In the end you are betting against entities that have huge amounts of capital, the ears of investors and the ability to deliver. Talent is also in short supply.

So what is the new business model(s)?

Hackathons are interesting as they tend to flush out all the low hanging fruit and use the existing models and services to get things done. Most of the this low hanging fruit is rotten by the time it hits the ground. What it does do is establish business demand and use cases.

Multimodality in all its forms, huge context windows and ability to read the screen through Co-pilot have laid waste to developed applications.

So one must identify where you lie on the supply chain.

If you are building some extra functionality on top of a model, but using that model for delivery, the danger is obvious, that an improvement in the model can eat you alive.

If you have a unique asset that can be used for access, such as a large publisher, you stand a chance if you can prevent leakage.
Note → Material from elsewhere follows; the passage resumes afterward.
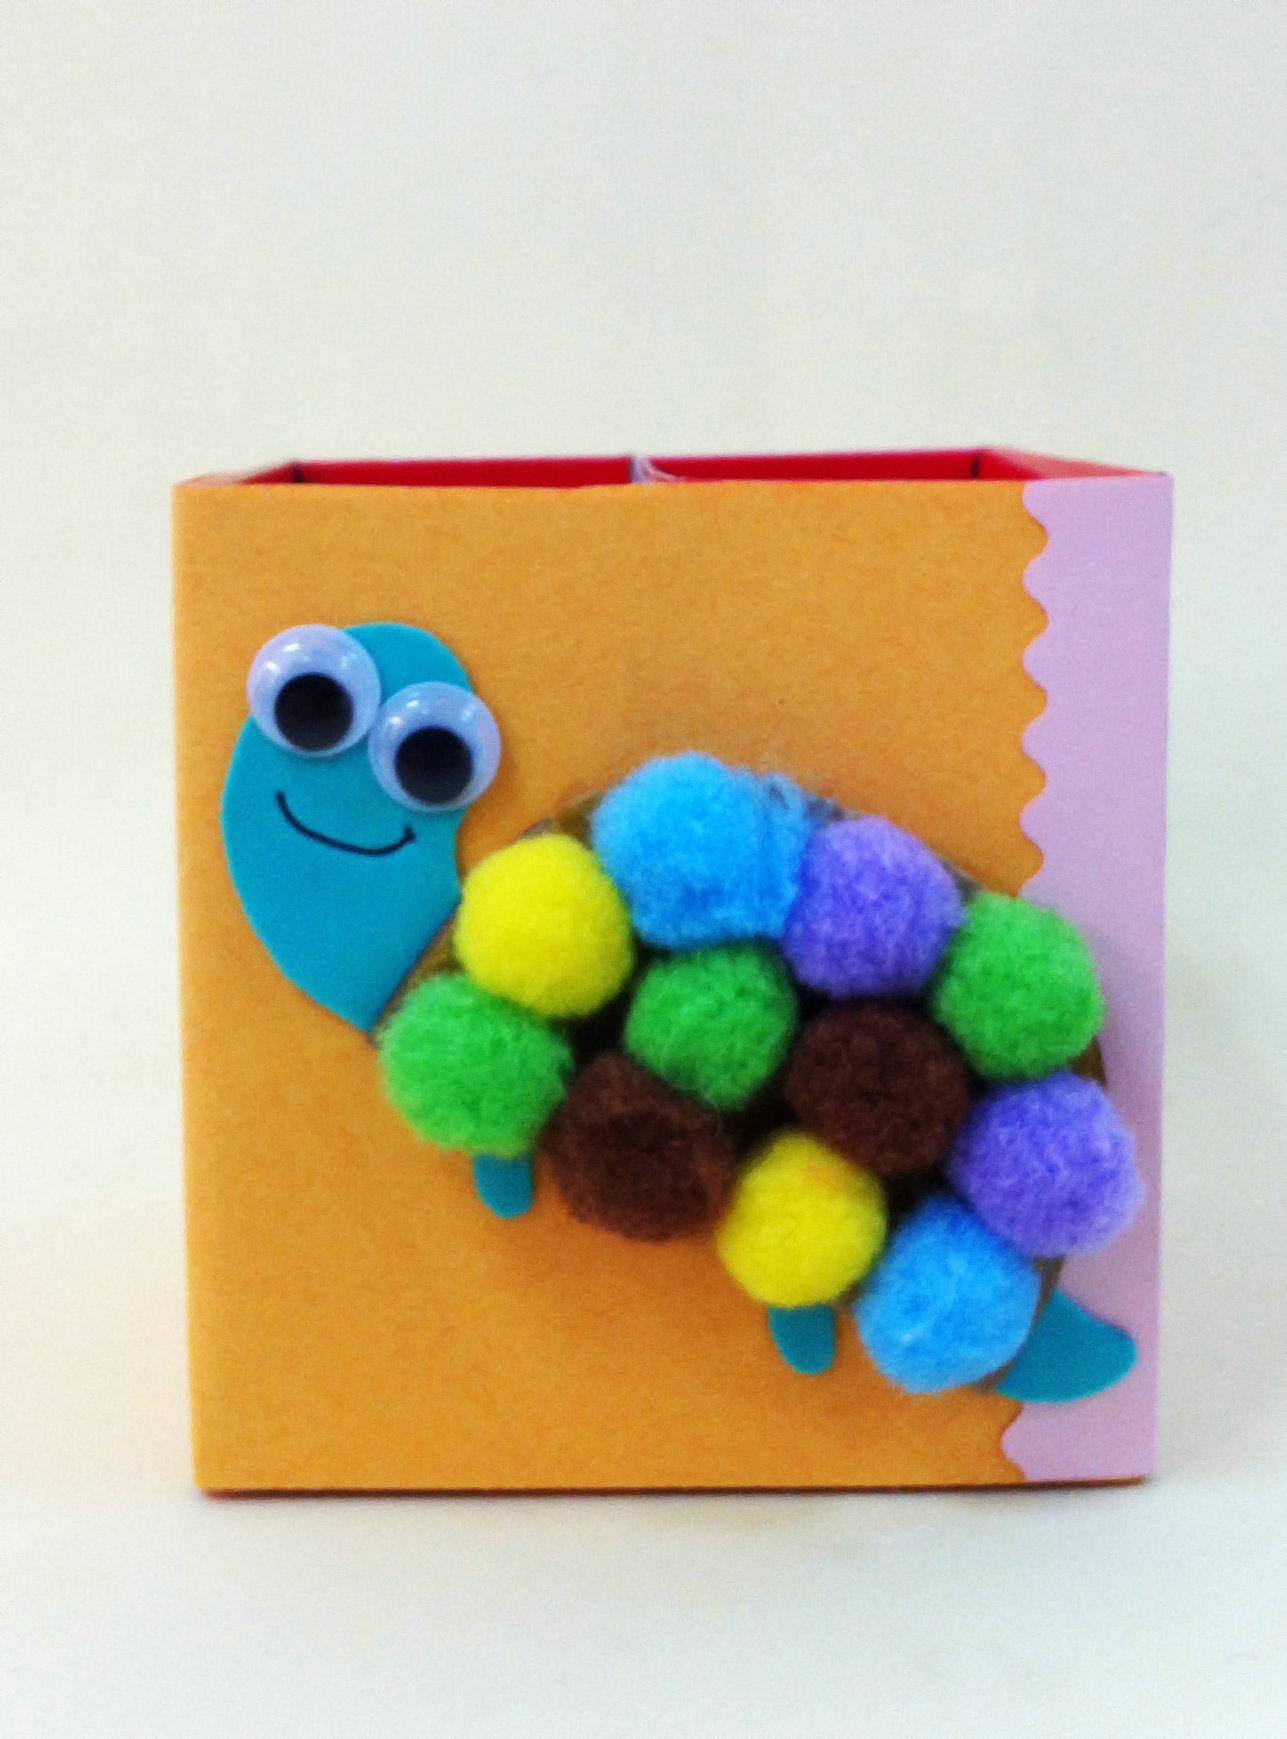 用纸盒和毛球DIY漂亮的小海龟笔筒做法图解教程

If you have part of a service that AI does not deliver but enhances, you have a chance.

Devices - forget it.

Road to monopolies

This is a worry, as this is the road to monopolies, possibly even a single monopoly, as we may get a runaway effect where one model excels and outperforms all others. The singularity may be in business. This is worrying and governments are ill-prepared to deal with this.

They compete with each other to offer low tax regimes and companies take advantage of this. Even in supra-national entities, like the EU, have massive tax theft by allowing the large US tech companies to set up shop in the lowest tax regimes, largely Ireland.

Some may succeed but, by and large (literally), the trend is towards huge compute, large models, fine-tuned that take massive investment, effort and expertise to build and role out. Your service, built on top of the model is simply done better by users using the model directly. This is what makes this technology different from any other technology we have ever invented. 

Altman and many others have observed the disaster that is the European Tech industry. It gets crushed by negativity, bought out by the US and strangled by regulation. The problem is not AI but politics and economics. We need to get this sorted and fast.